R L Madden et al. Transpl Int. 2000.

Abstract

Although acute rejection (AR) has been shown to correlate with decreased long-term renal allograft survival, we have noted AR in recipients who subsequently had stable function for more than 5 years. We reviewed 109 renal graft recipients with a minimum of 1 year graft survival and follow-up of 5-8 years. Post-transplant sodium iothalamate clearances (IoCI) measured at 3 months and yearly thereafter were used to separate recipients into 2 groups. In 61 patients (stable group), there was no significant decrease ( > 20 % reduction in IoCl over 2 consecutive years) in IoCl. Forty-eight patients had significant declines in IoCl (decline group).

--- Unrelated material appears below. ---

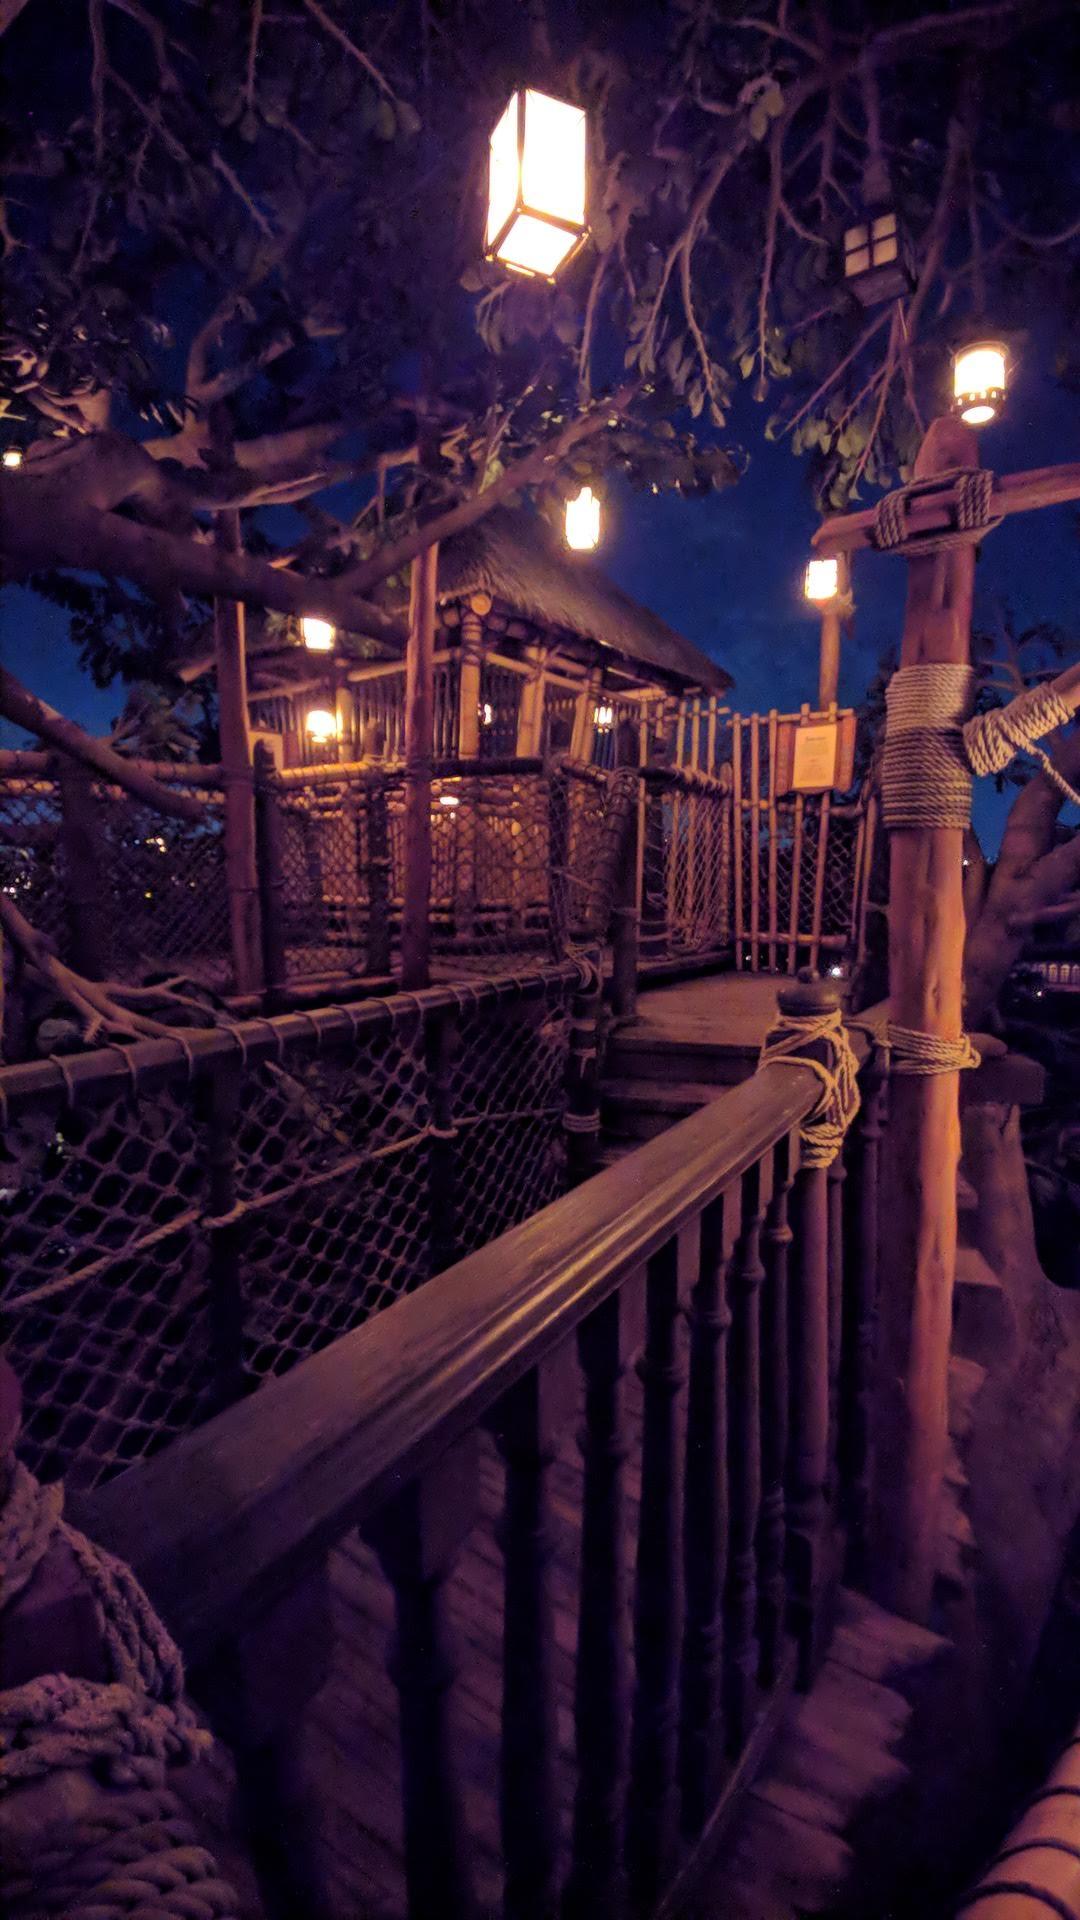 Swiss Family Treehouse - The Enchanted Tiki Room - Tokyo Disneyland
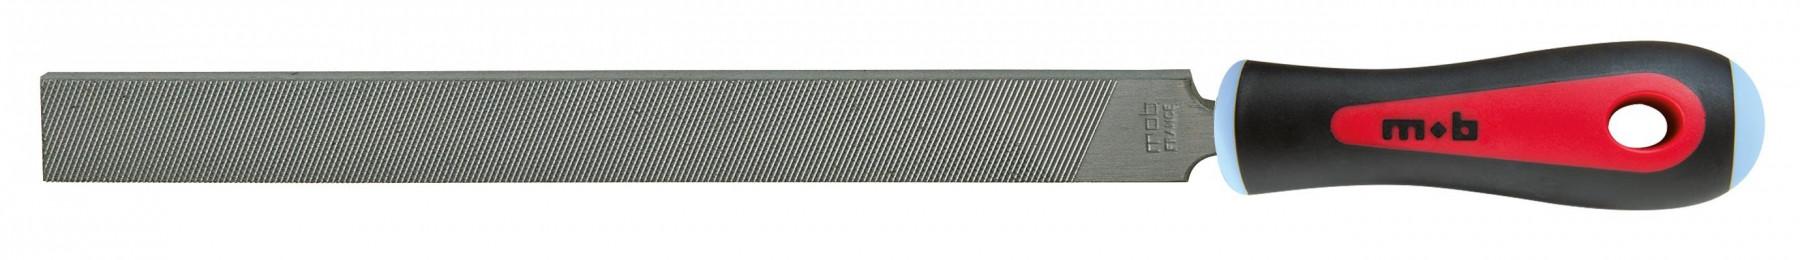 Lime plate 900 bâtarde MOB MONDELIN 300 x 30 x 7 mm - 0900308101

Groups were compared for incidence, severity, timing, and completeness of reversal of AR. Rejection was considered completely reversed if the post-AR serum creatinine (Scr) returned to or below the pre-AR nadir Scr after anti-rejection therapy. The incidence of AR was not significantly different between groups (47% vs 52%). A trend toward a lower mean number of AR episodes per patient was noted in the stable group (0.69 vs 1.04, P = 0.096), but the timing of AR was not different. Steroid-resistant AR occurred in approximately 25 % of both groups. A striking difference was seen in complete reversal of AR, with the stable group having 100% (42/42 episodes of AR in 29 patients) complete reversal whereas only 32 % (8/25) of the patients in the decline group had complete reversal (P < < 0.001). Of 8 declining patients with complete reversal, graft loss was due to chronic rejection (CR) in only 3. Seventeen declining patients had incomplete reversal of AR, and 82 % (14/17) lost their grafts to CR. Overall, only 8% (3/37) of the recipients with complete reversal of AR developed CR. No patients with incompletely reversed AR had stable long-term function as measured by IoCl. AR is not invariably deleterious to long-term renal graft function if each episode of AR can be completely reversed.